Let $\epsilon > 0$ and $d > 0$ be fixed. Prove that for $k \geq 2$, if $d \geq (1 + \epsilon)2k(\text{log} k + 1)$, then, $\lim\limits_{n \to \infty} \mathbb{P}\left[\text{G}\left(n,\frac{d}{n}\right) \text{ is $k$-colorable} \right] \to 0$.
I'm not sure I understand the statement. Wouldn't it be the case that as $n \to \infty$, $\frac{d}{n} \to 0$, the graph becomes more sparse, and thus easier to be properly $k$-colored?
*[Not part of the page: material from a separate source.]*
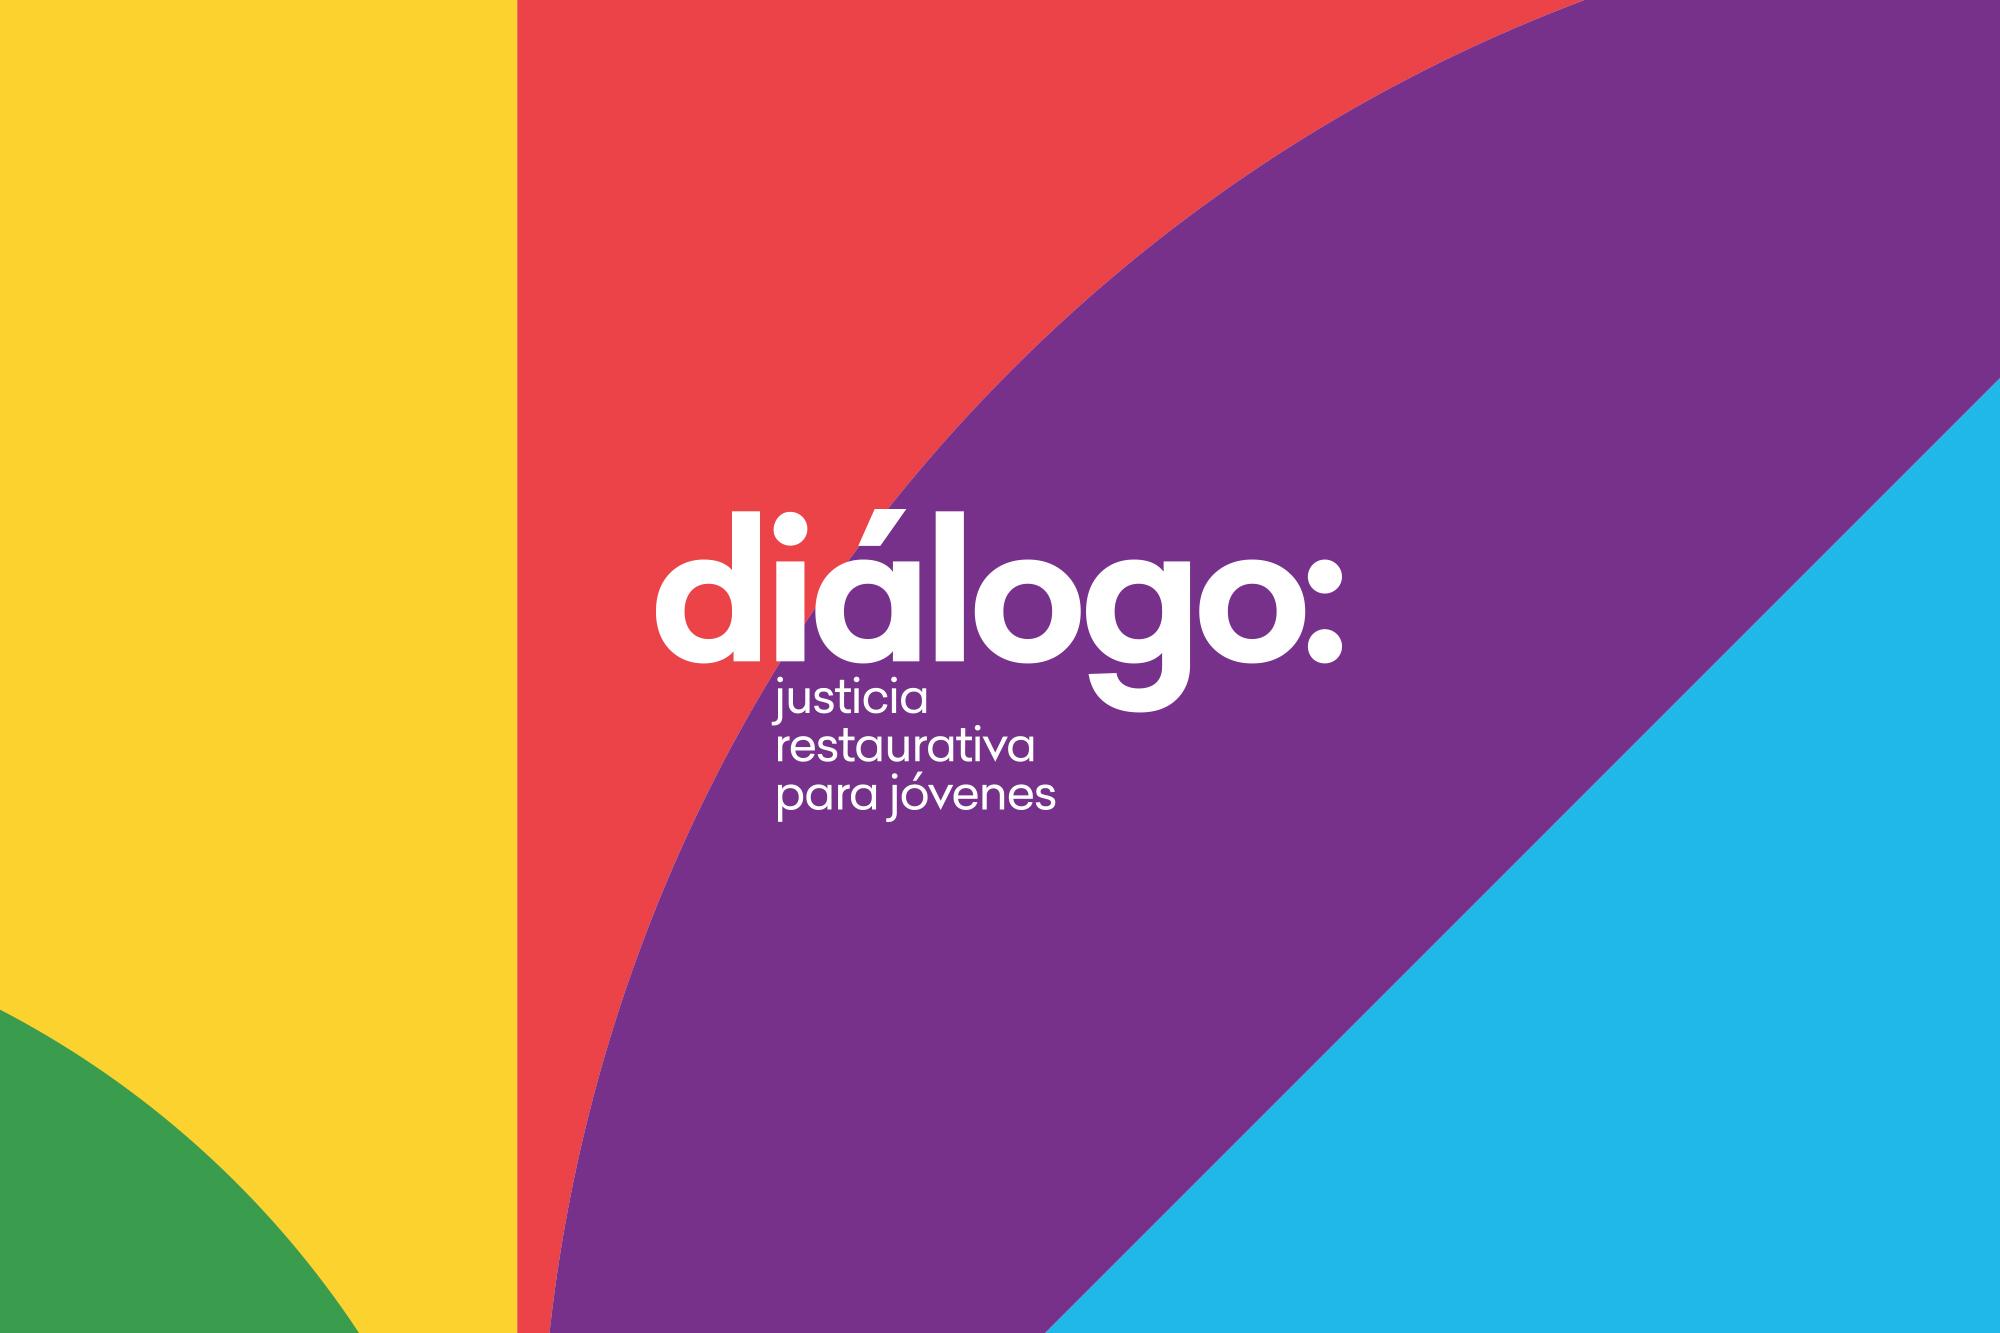 Montenegro Creative Studio - Diálogo1.jpg

I'd like some hint if possible.
Whether the graph becomes "more sparse" or not is a question of how you measure sparseness; certainly the fraction $\frac{\text{total edges}}{\text{possible edges}}$ goes to $0$, but on the other hand, the average degree remains fixed at $d$. (Well, almost; if we were pickier, we'd set the edge probability to $\frac{d}{n-1}$, but asymptotically that's the same.)
The reason that the random graph has high chromatic number is the lower bound $$\chi(G) \ge \frac{n}{\alpha(G)}$$ which comes from the fact that every color class is an independent set, and therefore contains at most $\alpha(G)$ vertices. To color all $n$ vertices, we need at least $\frac{n}{\alpha(G)}$ colors.
Show that with high probability, $G(n, \frac dn)$ has no independent set of size $\frac nk$, and you'll have shown that with high probability, it's not $k$-colorable.